The NHL’s best second-half team a little more than a week ago, the suddenly slumping Senators realize they’re in for a tough night when the rival Toronto Maple Leafs visit Thursday to continue their push for the playoffs.
“Basically, they’re in the playoffs now and we’ve got to play like that,” Senators defenceman Wade Redden said following Wednesday’s practice. “Just because we’ve got a few points up on them, we can’t be satisfied just stumbling into the playoffs.”
Stumbling is exactly what Ottawa has done in its past three games.
In each game, the Senators have blown third-period leads, losing to the Atlanta Thrashers in regulation and the Chicago Blackhawks and Pittsburgh Penguins in a shootout.
In Tuesday’s 5-4 loss to the Penguins, Ottawa led 4-1 with less than 12 minutes to play before caving.
“A week ago, we were the hottest team since Christmas,” coach Bryan Murray lamented. “Then you go into a little tailspin because a couple of players do things that they don’t have to do or we make a mistake just out of the process of playing a normal hockey game.”
One development that has to be setting off alarm bells for the Senators has been the play of Emery.
Emery had been mostly excellent this season after taking over the No. 1 job from a shaky Martin Gerber.
However, since Emery returned from a three-game suspension for slashing Montreal’s Maxim Lapierre in a Feb. 10 contest, he’s struggled and that’s not good news for the Senators heading down the stretch since he’ll be expected to carry the load in the playoffs.
“He said he hasn’t really felt as comfortable since his suspension as he did before,” Murray said.

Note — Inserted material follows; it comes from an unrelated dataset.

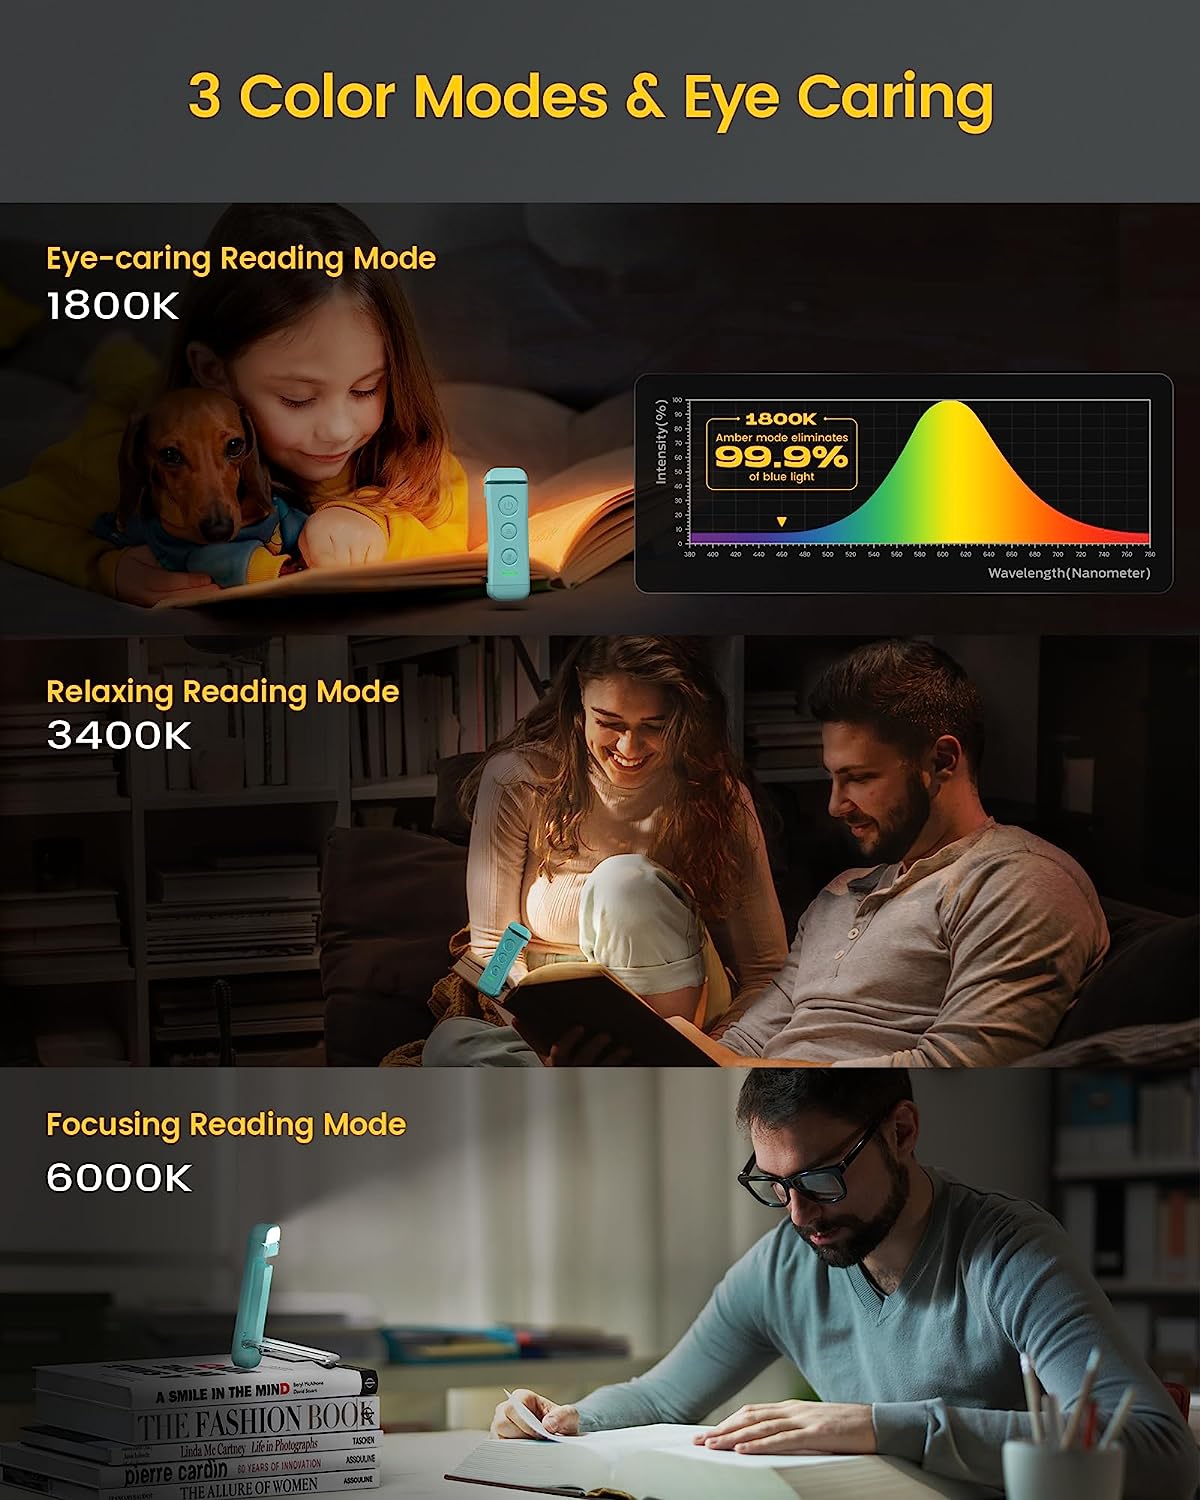 Glocusent USB Rechargeable Book Light for Reading in Bed, Portable Clip-on LED Reading Light, 3 Amber Colors & 5 Brightness Dimmable, Compact & Long Lasting, Perfect for Book Lovers, Kids - havana shop
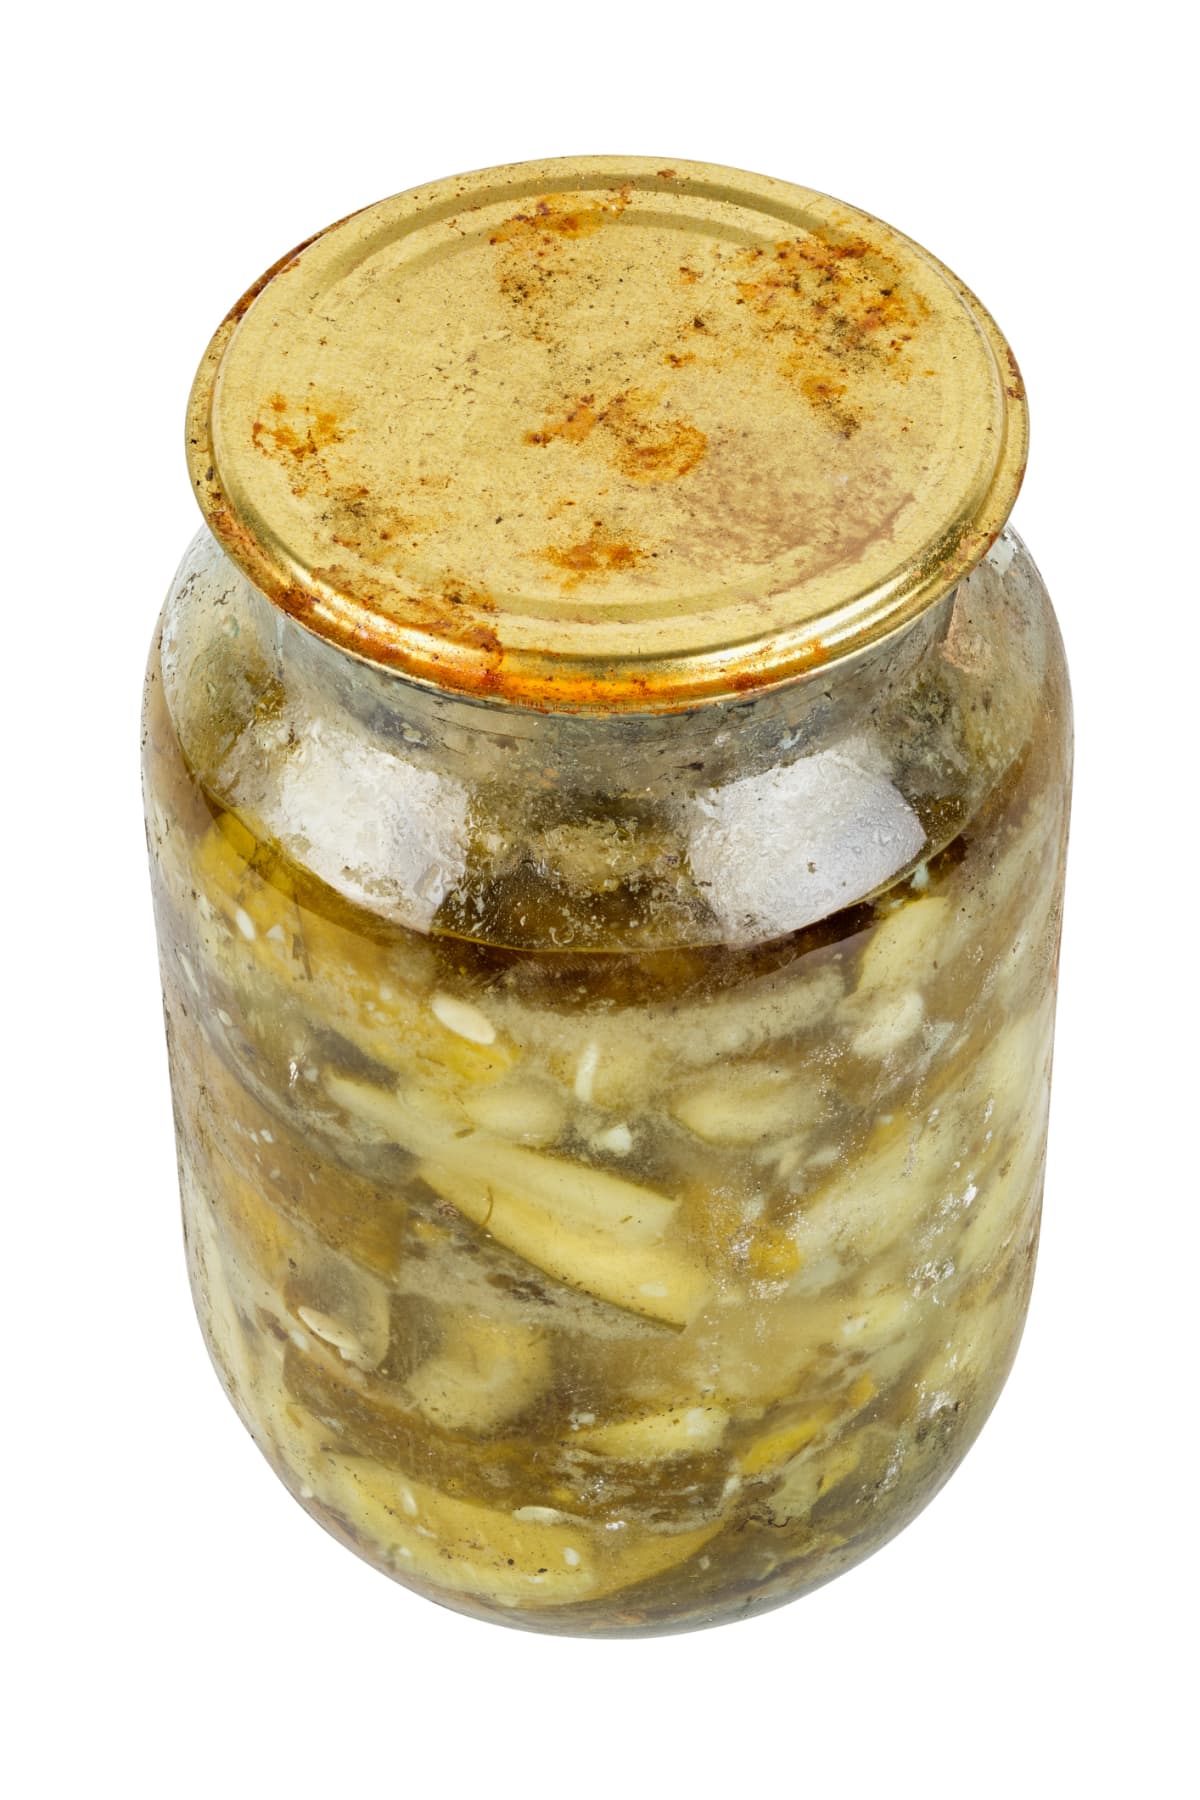 old pickles in glass jar with rusted cap in bad condition isolated on white background.

Emery gave up three goals in 25 minutes before being kicked out in a now-infamous fighting incident in Buffalo in his first game back from suspension. He allowed five more goals against the Sabres the following game, although he still managed a win. He then shut out the Carolina Hurricanes in a game in which he faced minimal action before allowing three third-period goals in a 4-2 loss to Atlanta on Friday.
When he allowed three more third-period goals before being beaten twice in shootout by the Penguins on Tuesday, Emery said it was the best he’s felt since returning.
“It’s not focus, it’s just straight footwork and comfort,” Emery said of his troubles. “Even though it wasn’t my best game (Tuesday), I’m feeling a lot better.”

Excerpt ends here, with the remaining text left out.